Одна юная поэтесса наелась в этот день, по городской своей необразованности, волчьих ягод, за „скорой“ ездили на велосипеде  в столицу пушкинскго края - в „Горы“, фельдшерица приехала на хромой лошади, инвалиде совхоза... А когда однажды среди ночи вдруг прогремела не обещавшаяся по приметам гроза, всё Петровское собралось под забором у деда Савелия, обладателя единственного здесь “радива“: включи, мол, дед, надо же знать, кто это на нас опять напал, уж не немец ли окаянный...Там же, в густом, влажном, таинственном шелесте пушкинских строчек и трав ,один юный поэт отпраздновал свою первую любовь, спугнутую вездесущим, знаменитым на всю страну Семёном Степановичем Гейченко, который имел обыкновение каждый вечер обходить в Михайловском парк, и услышав шорох в заповедных кустах, заподозрил неладное... Дядю Петю, правда, отдать ему должное, звать не стал, пригласил пленников попить чаю из самовара...

            А что творилось 6 июня на  легендарной огромной поляне, где каждый год и тогда уже, и особенно - после, отмечался день рождения Пушкина  как всесоюзный Праздник Поэзии! В самом деле, а не „как говорится“, даже румяному псковскому яблочку, даже дичку райскому , с  ягоду-вишню, негде было упасть...

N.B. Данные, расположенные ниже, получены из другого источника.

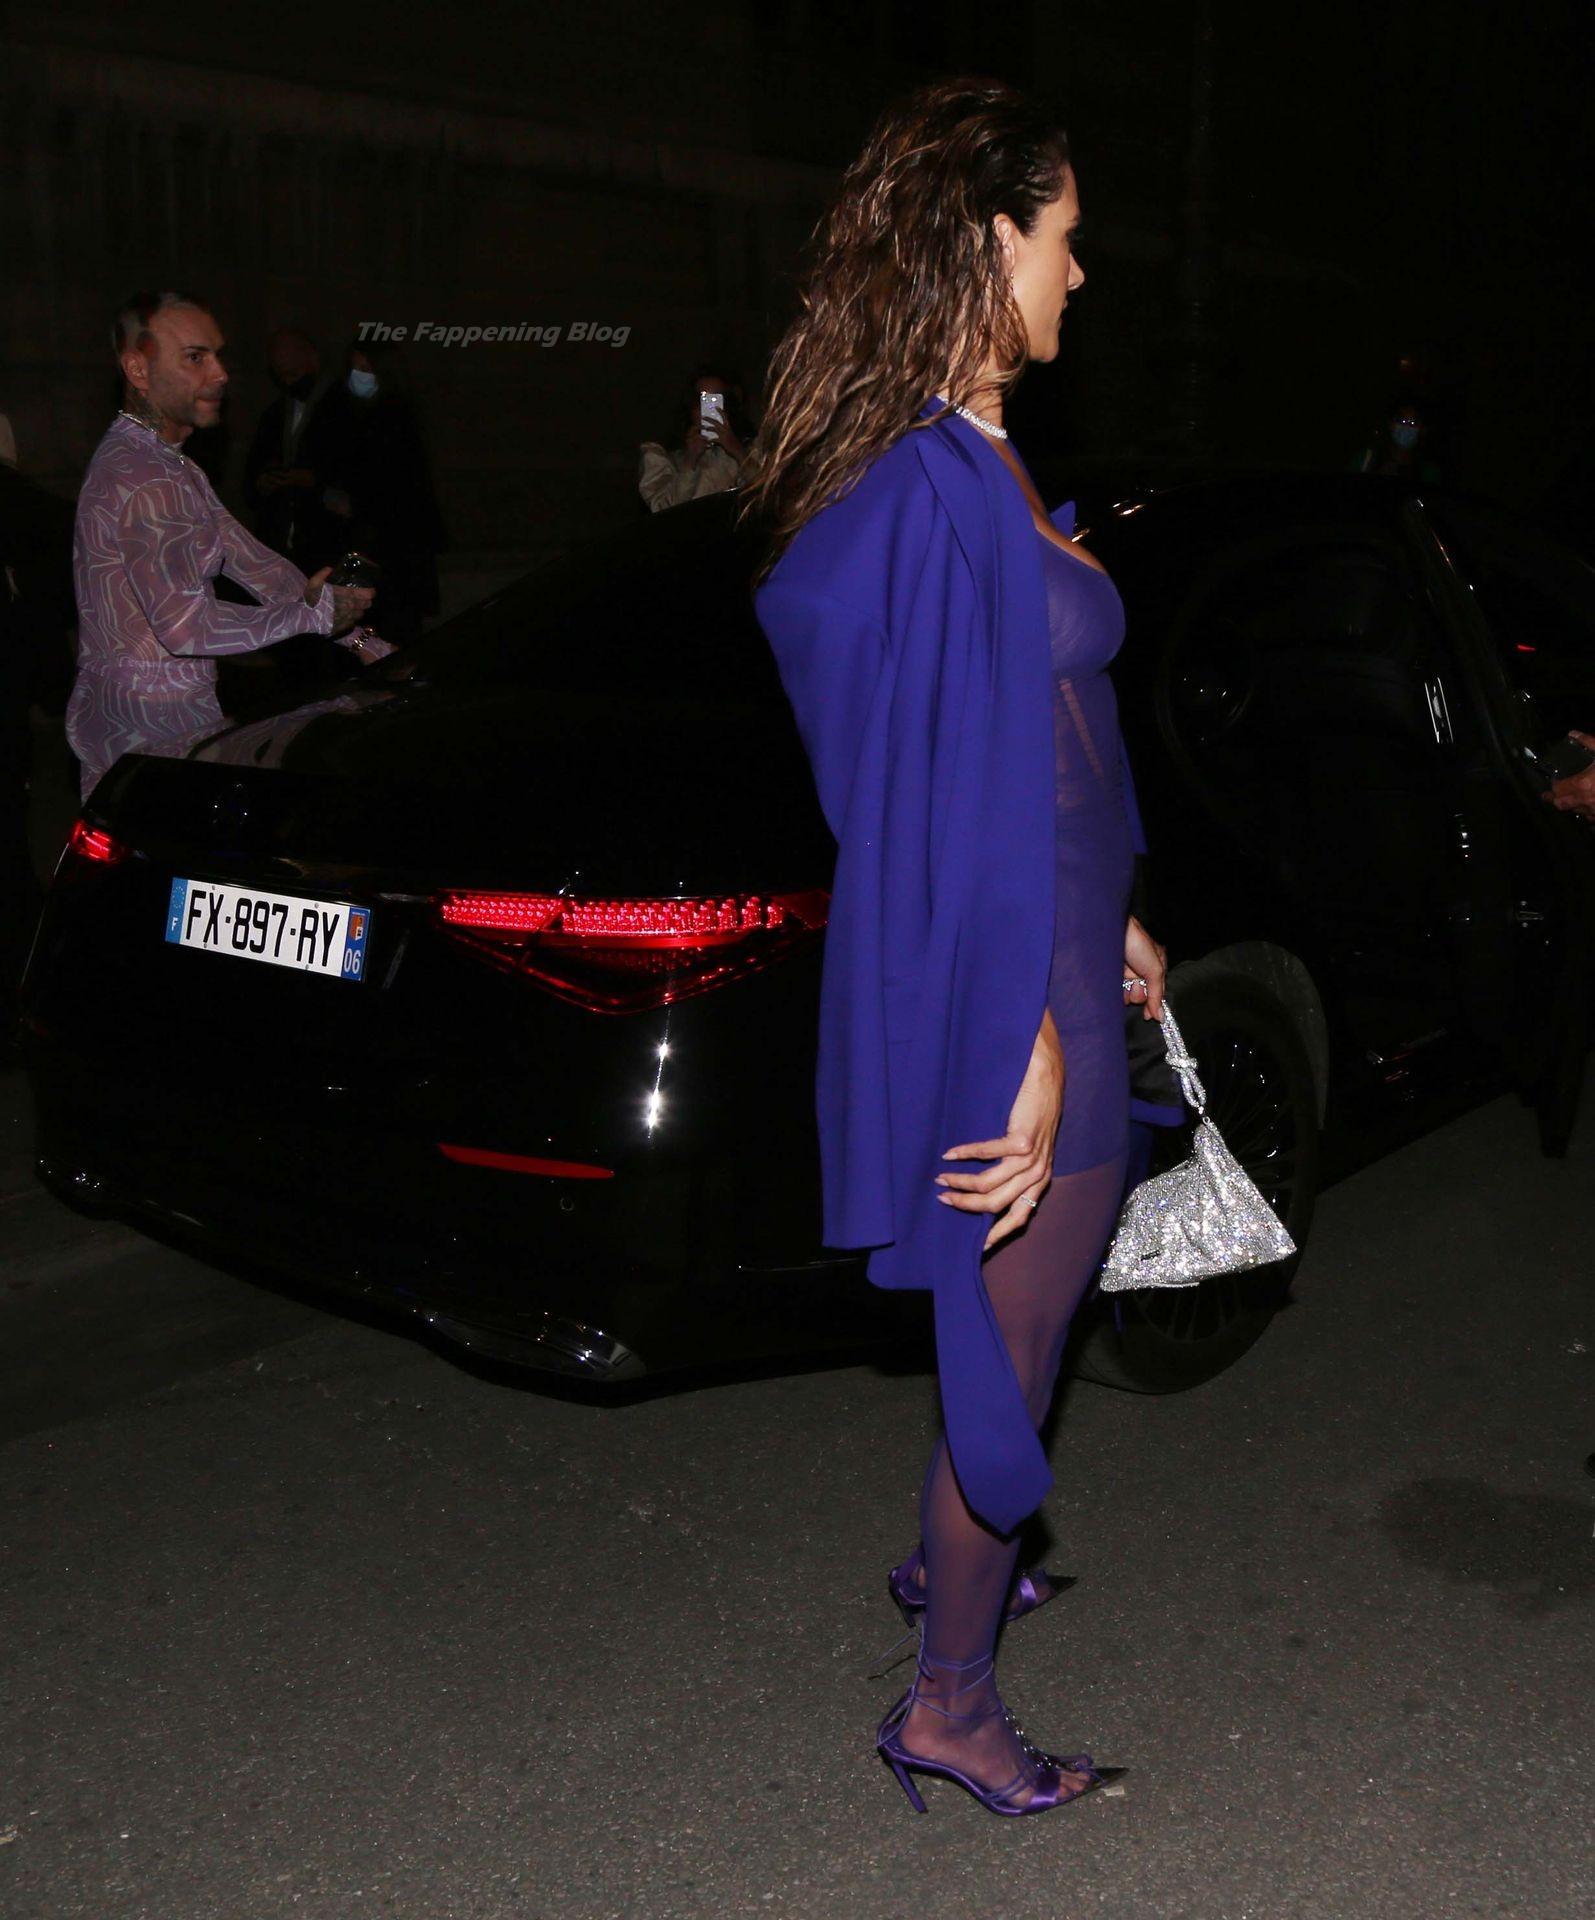 Alessandra-Ambrosio-Sexy-The-Fappening-Blog-42-1.jpg

            Мы ощущали Пушкина как живого соседа, его начертанные на табличках строфы, звонко выглядывали то там- то тут из травы, сопровождая нас от села к селу, а домой возвращались мы , входя под как будто именно к нам обращённый, реющий над шоссе транспарант: „Здравствуй, племя младое...“   И шла я к нему на день рождения тоже как соседу, запросто, в сандалиях на босу ногу, - с букетом васильков и ромашек, собранным здесь же неподалёку, в его же поместье...

            Молодой раскатистый голос Евгения Евтушенко и уже старенький, чуть дребезжащий Павла Антокольского, усиленные одновременно и микрофонами, и почтительной тишиной, отдавались эхом в рифмованном стуке тысяч сердец...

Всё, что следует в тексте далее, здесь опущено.